3. Have students choose answers that represent their reasoning as well as the correct answer.
4. Require multi-logical thinking
5. Use multiple T/F
6. Use question clusters

Strategy 1: Use higher order Bloom’s categories and associated verbs

Bloom’s taxonomy is a framework for categorizing educational goals. It describes six levels of cognitive outcomes, often presented in a pyramid.

Remembering is considered the most basic of the things we might ask our students to do; at this level, we might ask whether a student can recall facts and basic concepts. Above remembering is understanding, where you might ask whether a student can explain ideas or concepts.  The next level is applying, where we ask whether the student can use information in new situations. According to Bloom’s, the category above applying is analyzing, where we are asking if the student can draw connections among ideas. The next level, and the last one that we can really measure with MC questions, is evaluating, where we ask whether students can justify a stand or decision. And finally, creating is considered the most advanced type of cognitive outcome in Bloom’s; here, we would ask if students can produce new or original work.

Generally, the categories above understand are considered higher order cognitive levels, and the “apply,” “analyze,” and “evaluate” categories can reasonably be assessed with multiple choice options.

The descriptions of the categories, and the ones that are considered higher order, are useful, but they may just help us name what we already know we want our students to do. The magic comes with the associated verbs. In the figure shown, we have about ten verbs per categories…but if you google Bloom’s verbs, you’ll find charts with many, many more. These verbs can be inspirational as you think about how to ask questions that determine whether you students can do the sort of application, analysis, or evaluation that is appropriate for your teaching.

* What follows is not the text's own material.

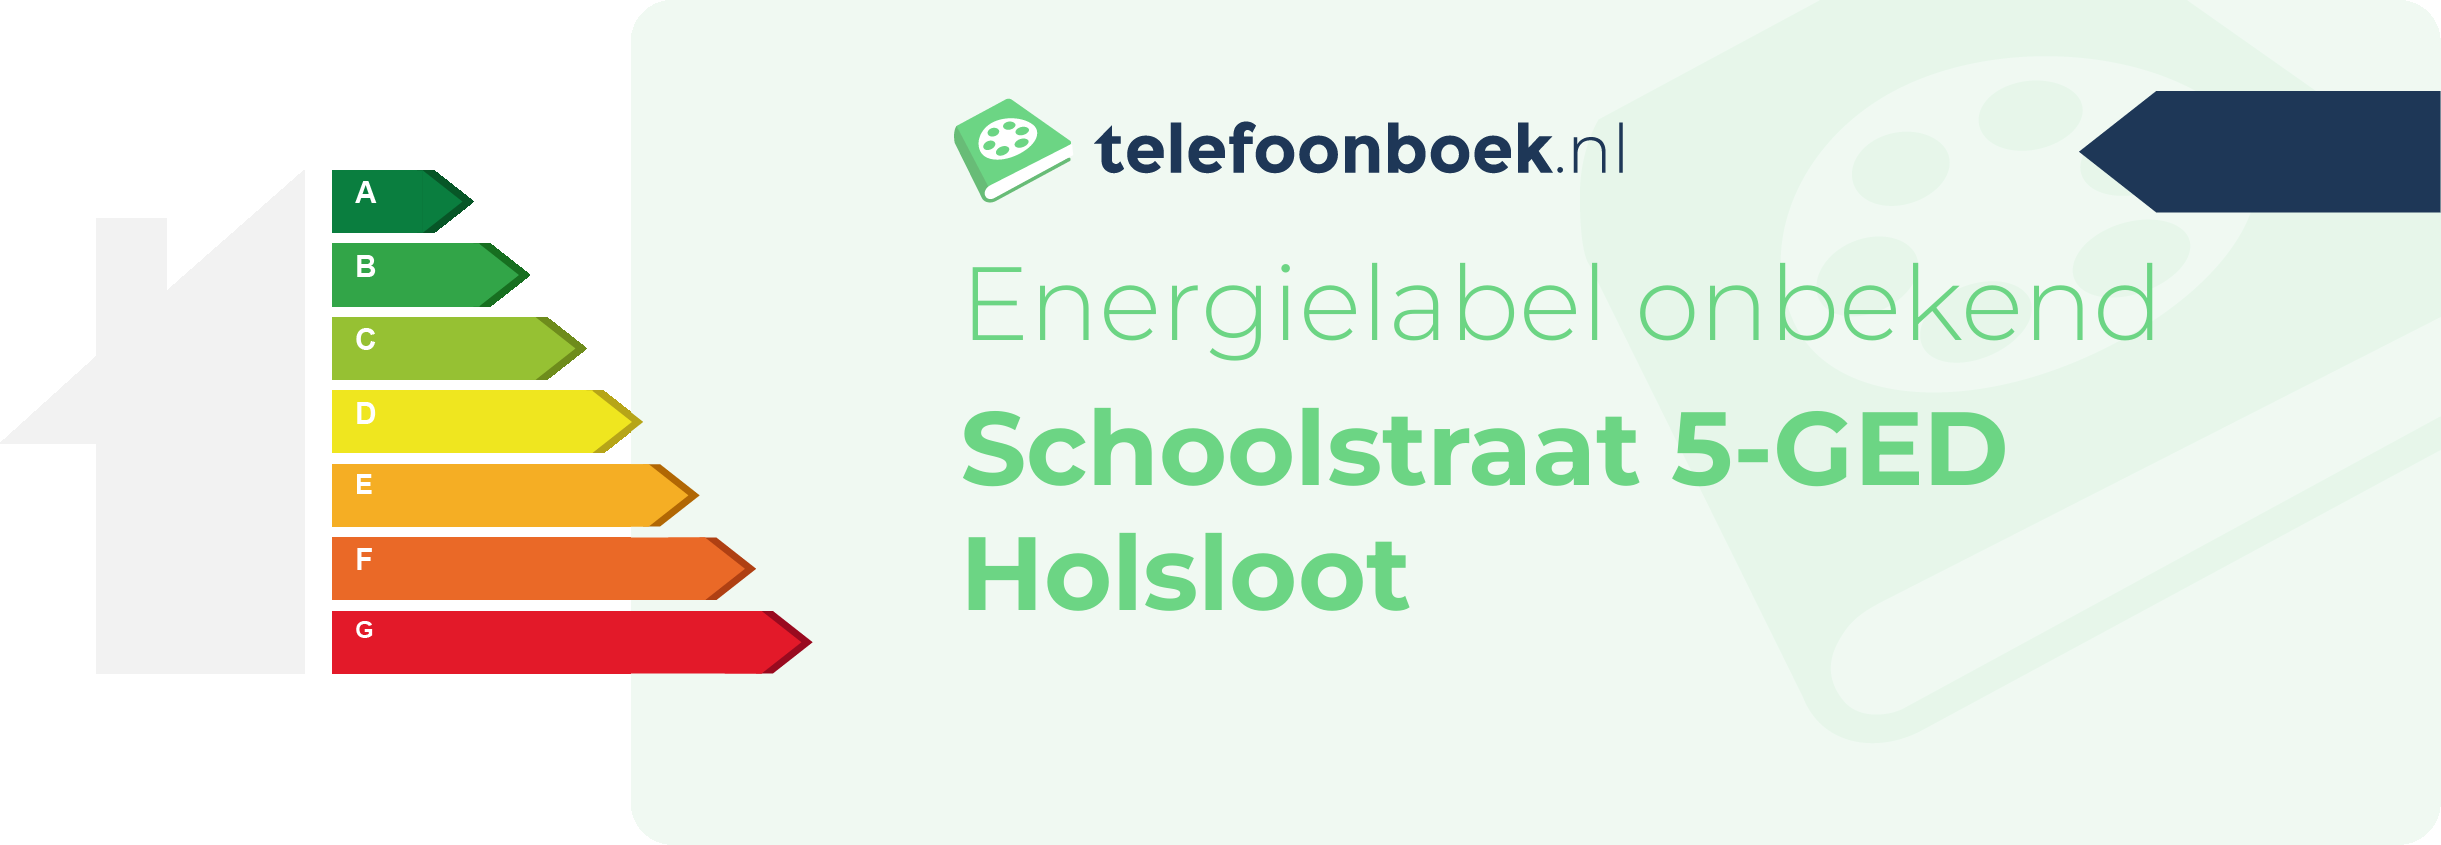 Energielabel Schoolstraat 5-GED Holsloot
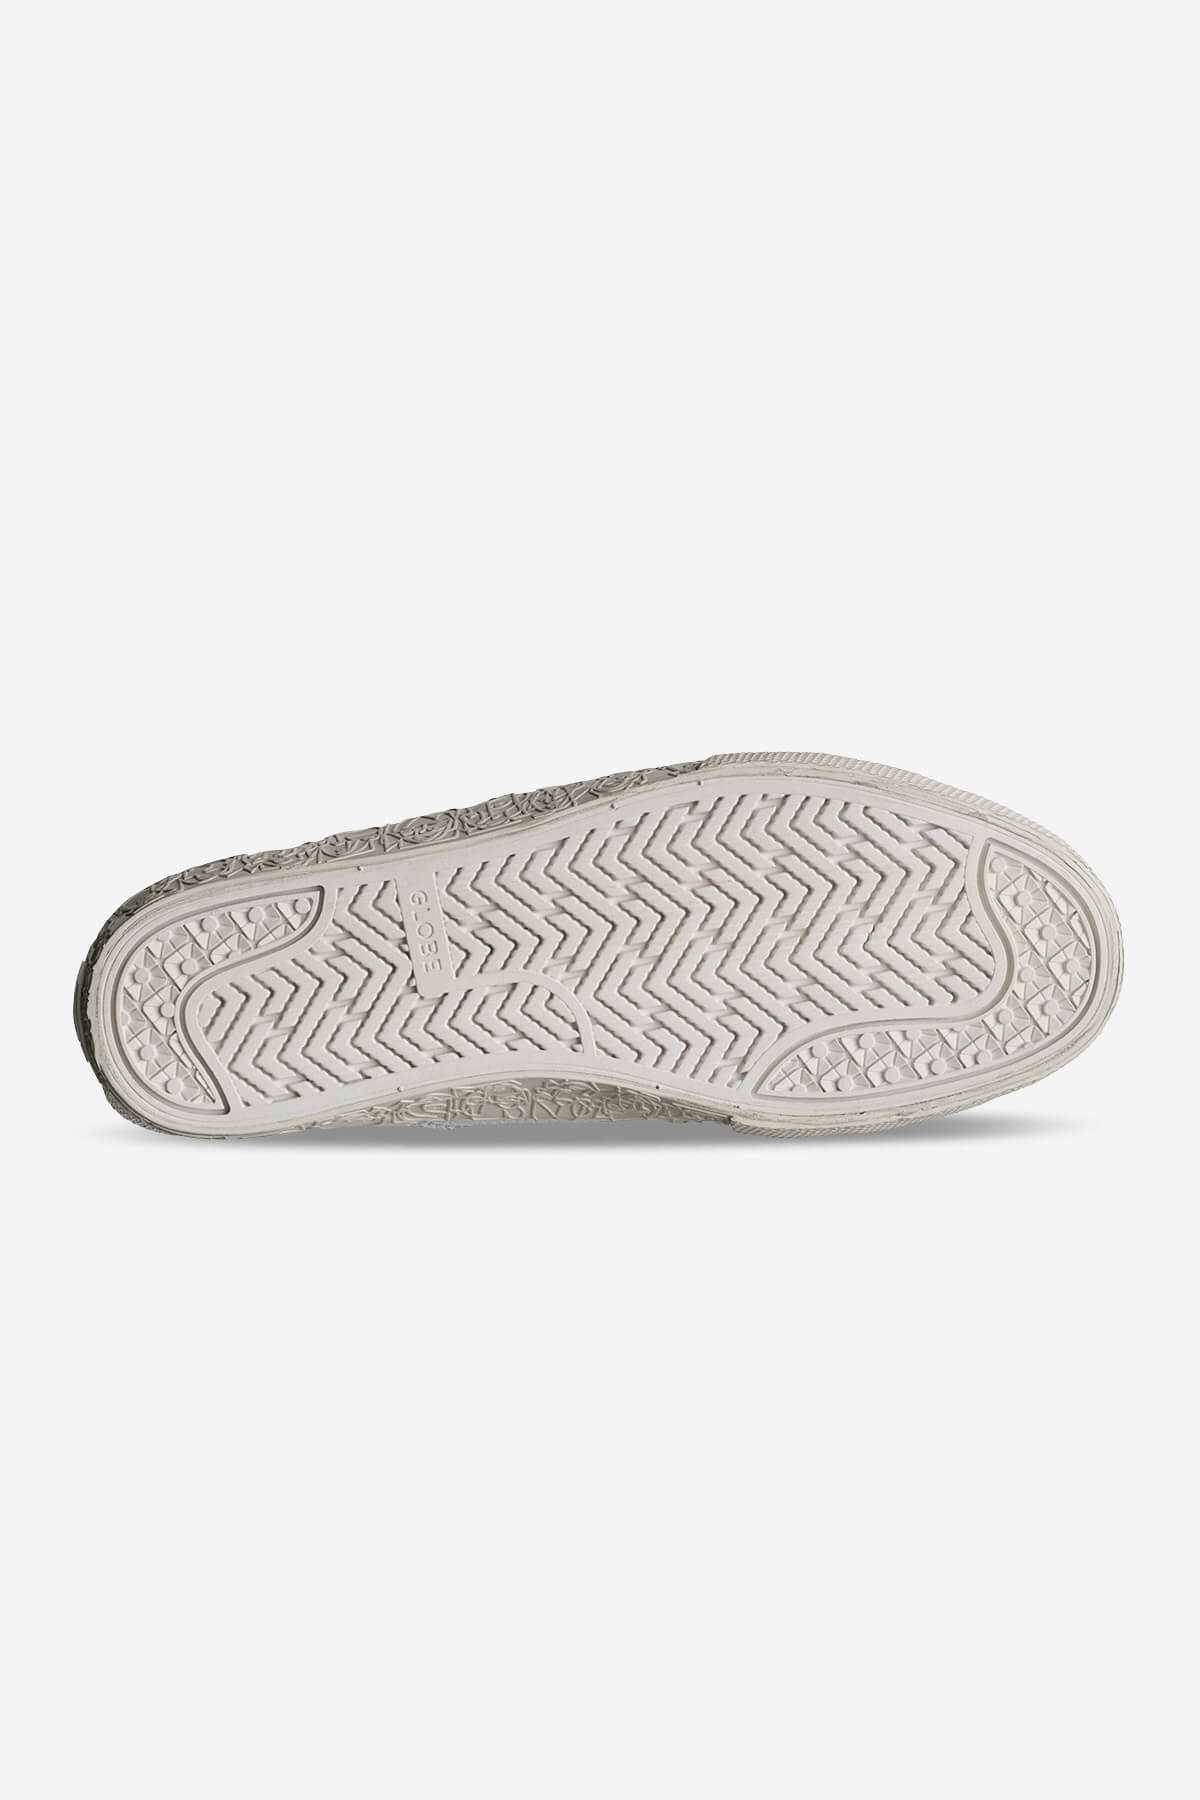 Globe - Surplus - White/Montano - skateboard Sapatos

For example, the two questions below require students to apply their understanding to a specific example and thus ask students to do some higher order thinking.

Strategy 2: Use specific examples that represent how your students will use the information.

Asking your students to illustrate their ability to use your content in specific examples or scenarios also allows you to test students’ higher order thinking. There are several distinct ways you can do this.

Option 1: Ask students to make choices based on scenarios or cases. Clinical vignettes provide a good example of how to do this; Figure 4 provides a very brief example.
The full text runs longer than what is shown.